• **PROBLEM STATEMENT**: A partial copy is required: transcribe exactly the lines from the one containing "Las mejores ofertas" through the last line below, without any pictures.

• **SOURCE DATA**:
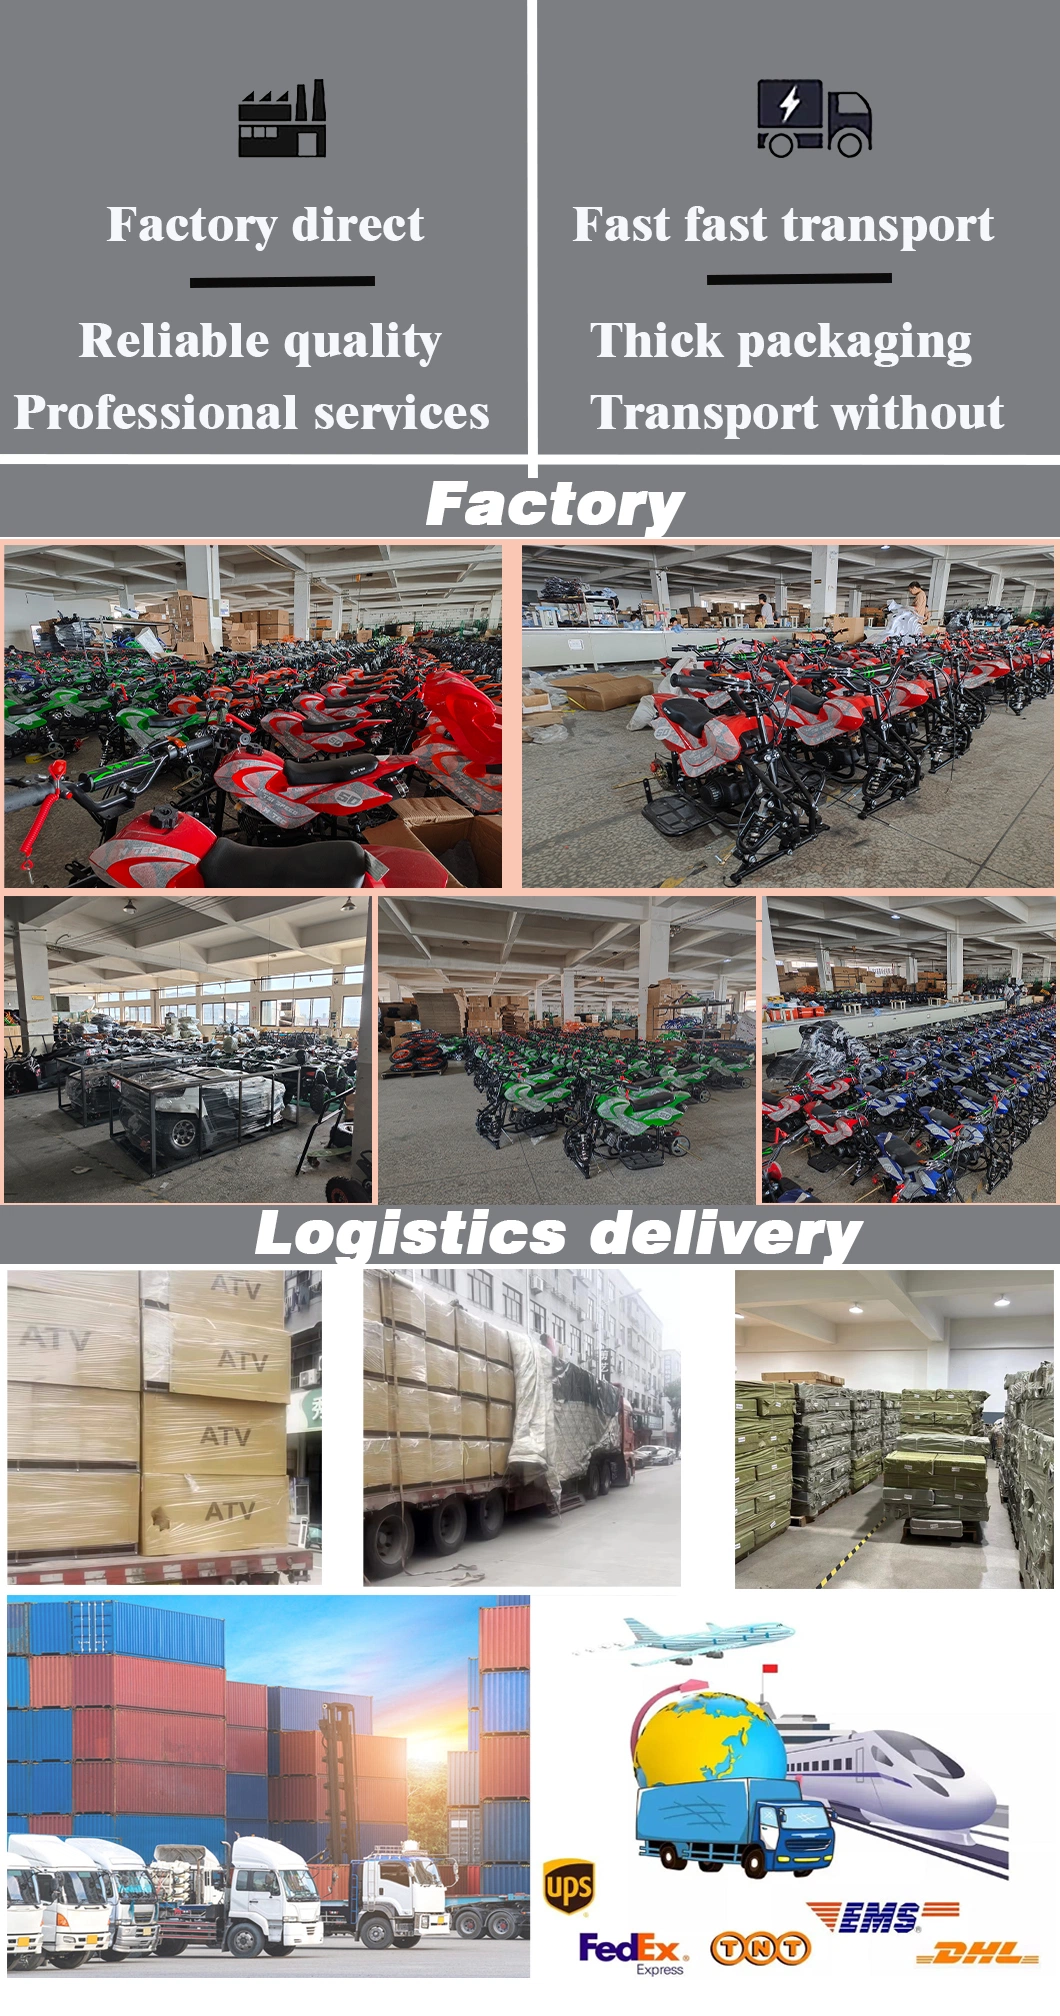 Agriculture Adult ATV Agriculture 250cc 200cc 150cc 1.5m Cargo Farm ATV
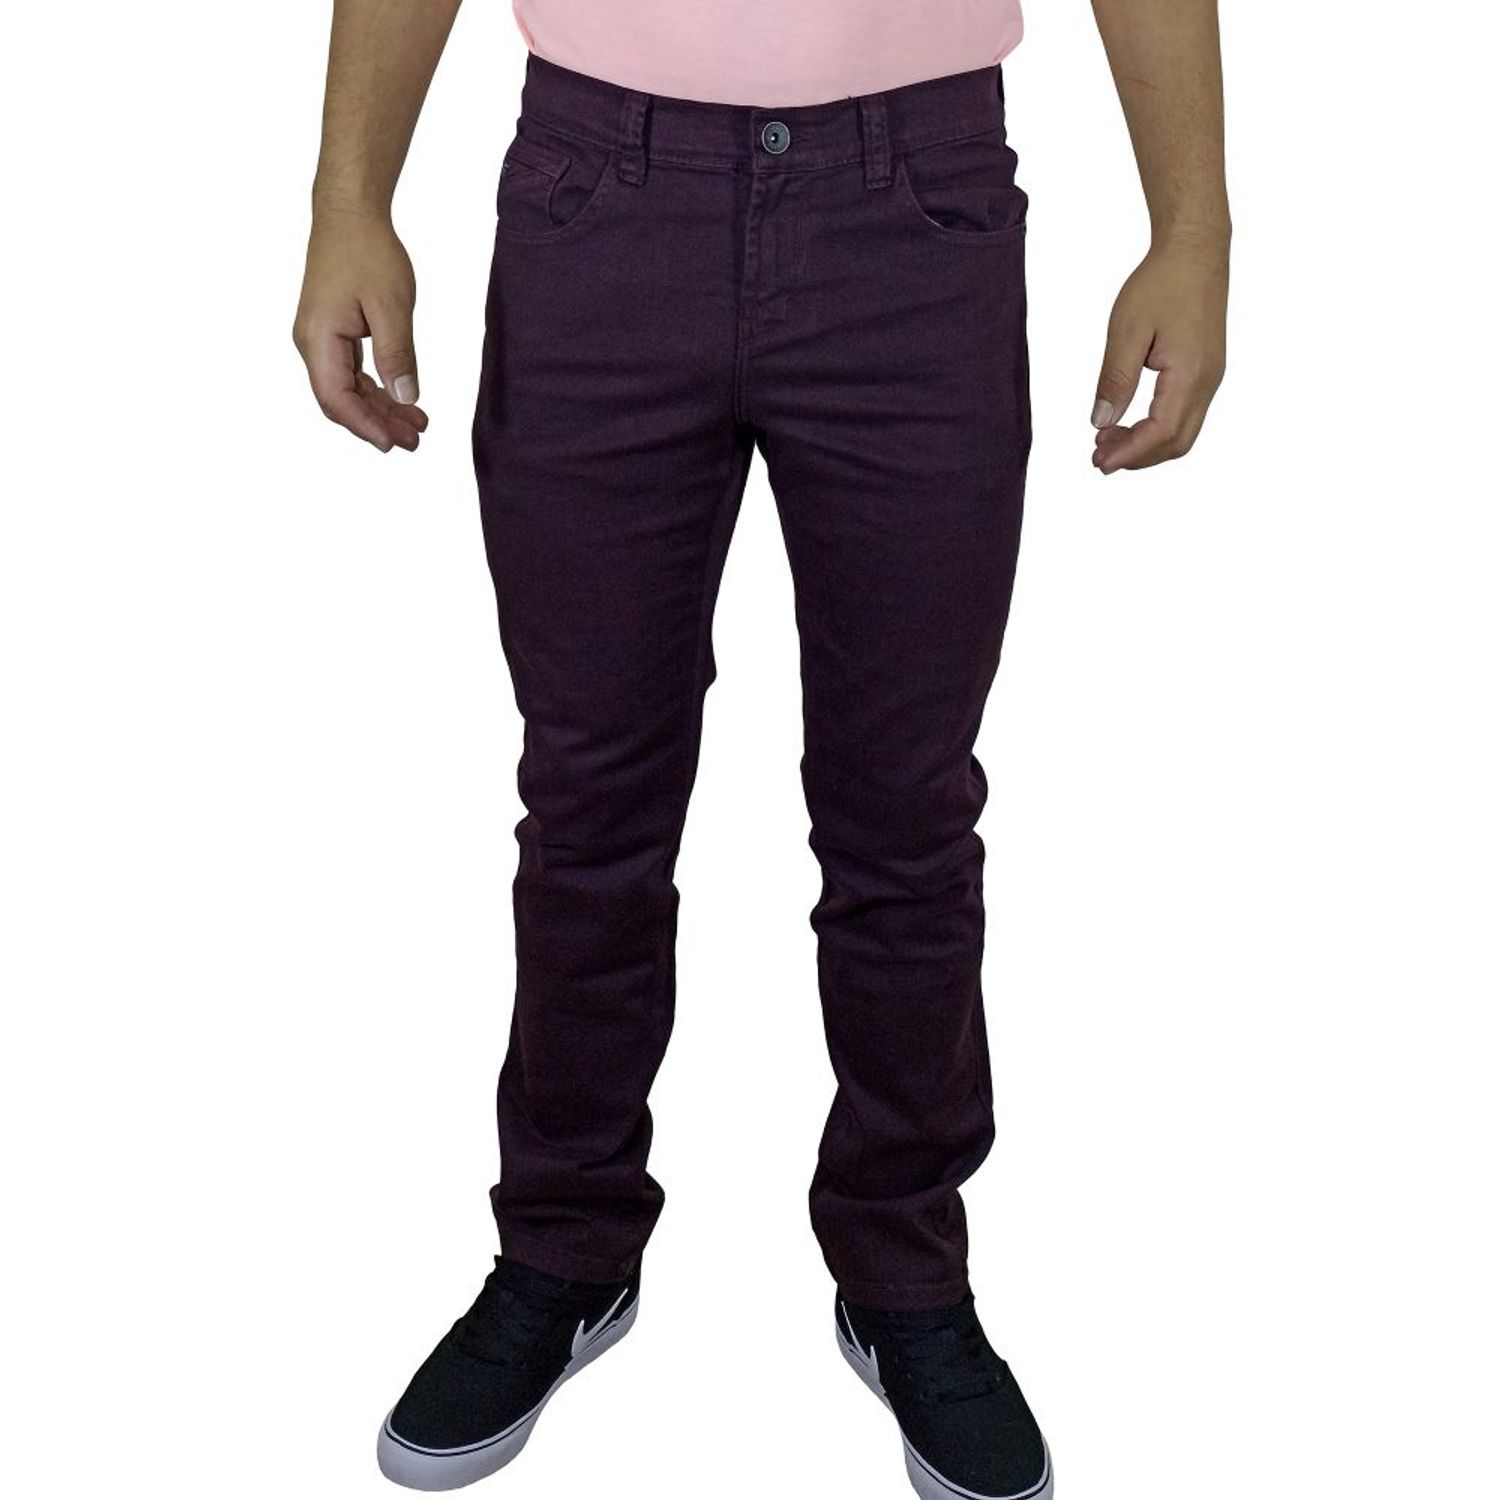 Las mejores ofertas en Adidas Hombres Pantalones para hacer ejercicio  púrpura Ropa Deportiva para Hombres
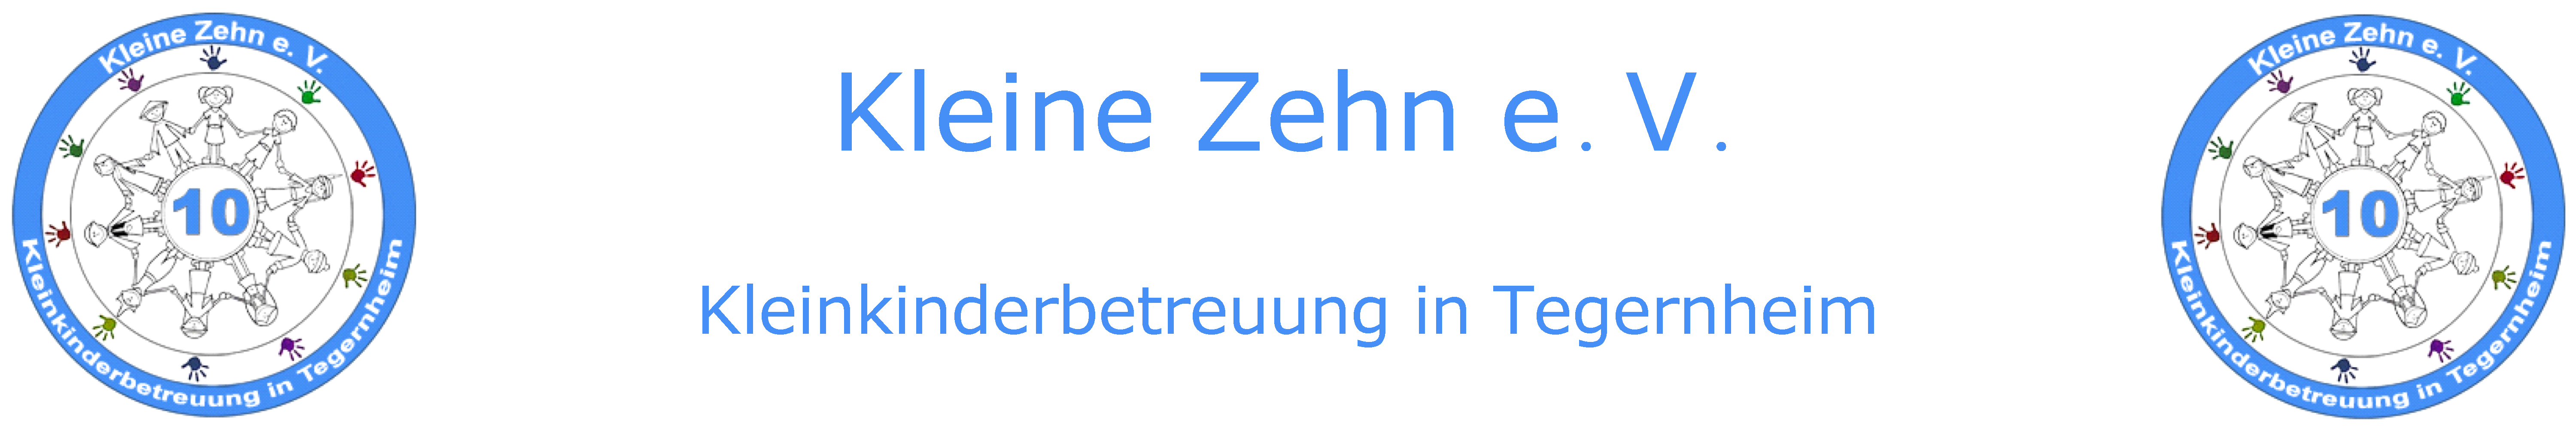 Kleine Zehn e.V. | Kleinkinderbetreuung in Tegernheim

• **WRITTEN ANSWER**:
 Las mejores ofertas en Adidas Hombres Pantalones para hacer ejercicio  púrpura Ropa Deportiva para Hombres
 Kleine Zehn e.V. | Kleinkinderbetreuung in Tegernheim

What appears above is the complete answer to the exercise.